The following implementations of the `amber::debug::Thread` interface are returned by the `amber::debug::Script::BreakOn`XXX`()` methods:
* `amber::debug::Script` implements this interface to record the `THREAD` commands in the Amber script, which will be replayed when calling `amber::debug::Script::Run(amber::debug::Events*)`.
* `amber::Engine::Debugger` implementations will implement the `amber::debug::Thread` interface to actually control the debugger thread of execution and perform test verifications.

### `amber::Engine::Debugger`

The `amber::Engine::Debugger` interface extends the `amber::debug::Events` interface with a single `Flush()` method that ensures that all the previous event have been executed. `Flush()` returns a `amber::Result`, which holds the results of all the `amber::debug::Thread::Expect`XXX`()` calls.

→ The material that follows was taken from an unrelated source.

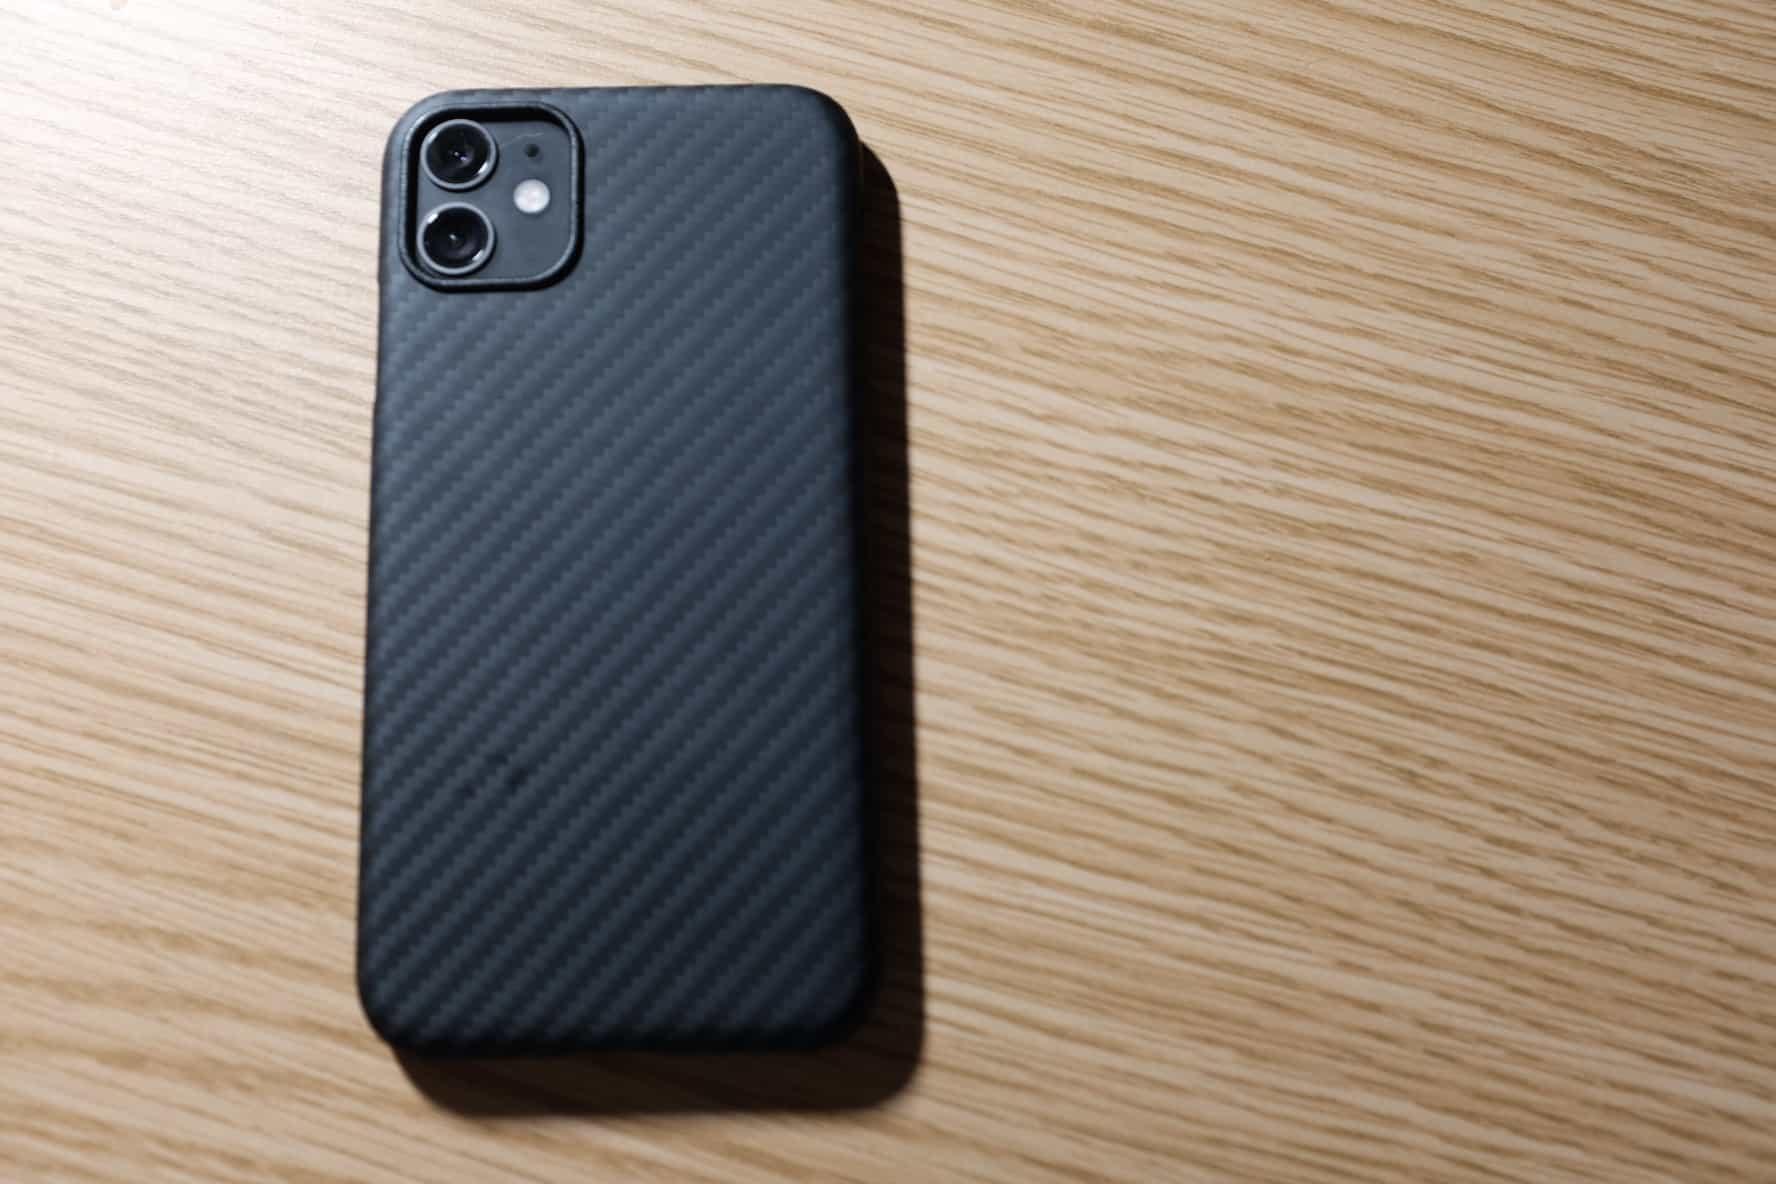 極薄!iPhone 11 用にアラミド繊維「PITAKA」のケースを購入しました
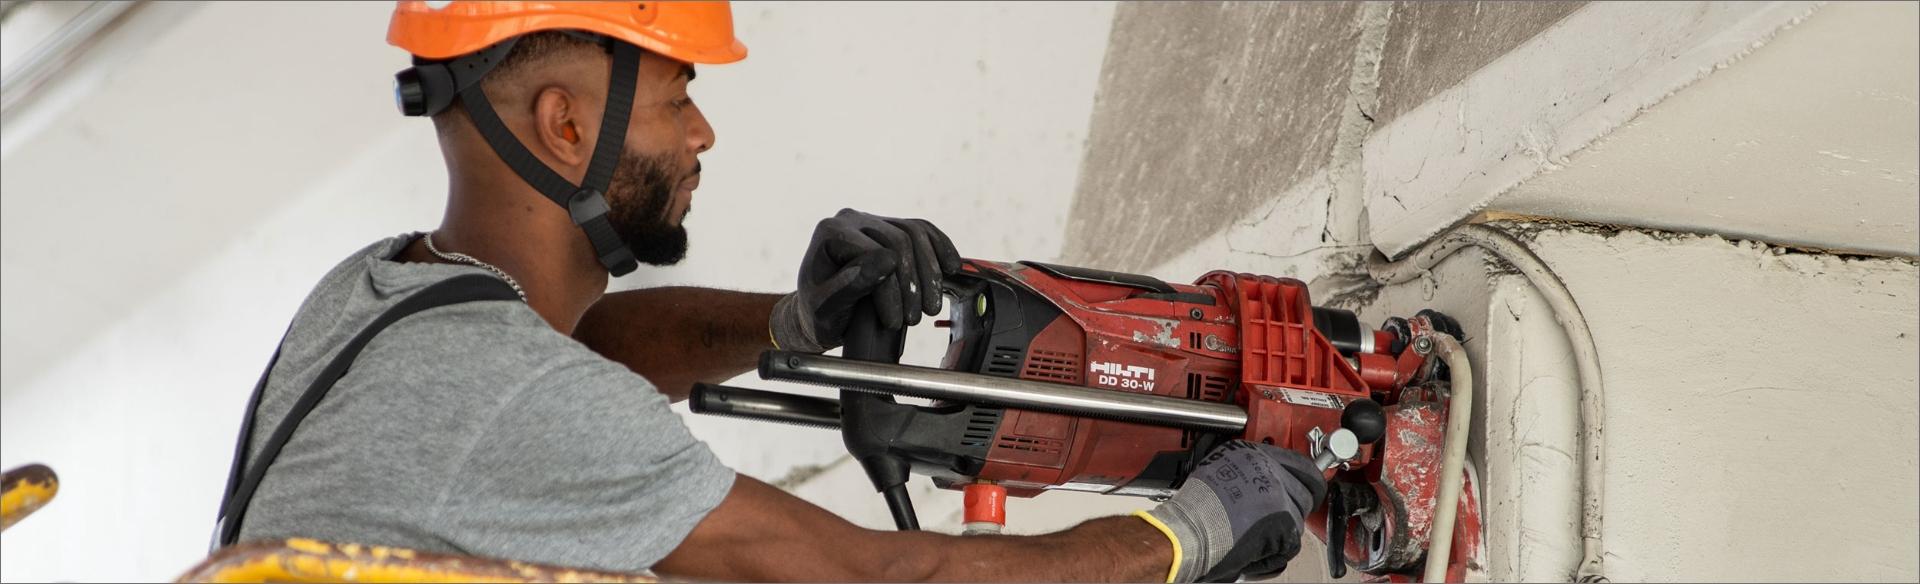 immagine operaio al lavoro per azienda seriana edilizia durante il fissaggio di una piasta strutturale

The `amber::Engine::Debugger` interface can be obtained from the `amber::Engine` using the `amber::Engine::GetDebugger()` method.

### Debugger Execution

`amber::Executor::Execute()` drives the `amber::Engine::Debugger`:

* The before executing the first `amber::Command` that holds a `amber::debug::Script`, a `amber::Engine::Debugger` is obtained from the `amber::Engine`, and `amber::Engine::Debugger::Connect()` is called to create a connection to the Vulkan shader debugger.
* If the `amber::Command` holds a `amber::debug::Script`, then this script is executed on the `amber::Engine::Debugger` using the `amber::debug::Script::Run(amber::debug::Events *)` method, before the Vulkan command is executed.
* The command is then executed with `amber::Executor::ExecuteCommand()`
* Once the command has completed, all debugger threads are synchronized and debugger test results are collected with a call to `amber::Engine::Debugger::Flush()`.
* This process is repeated for all commands in the script.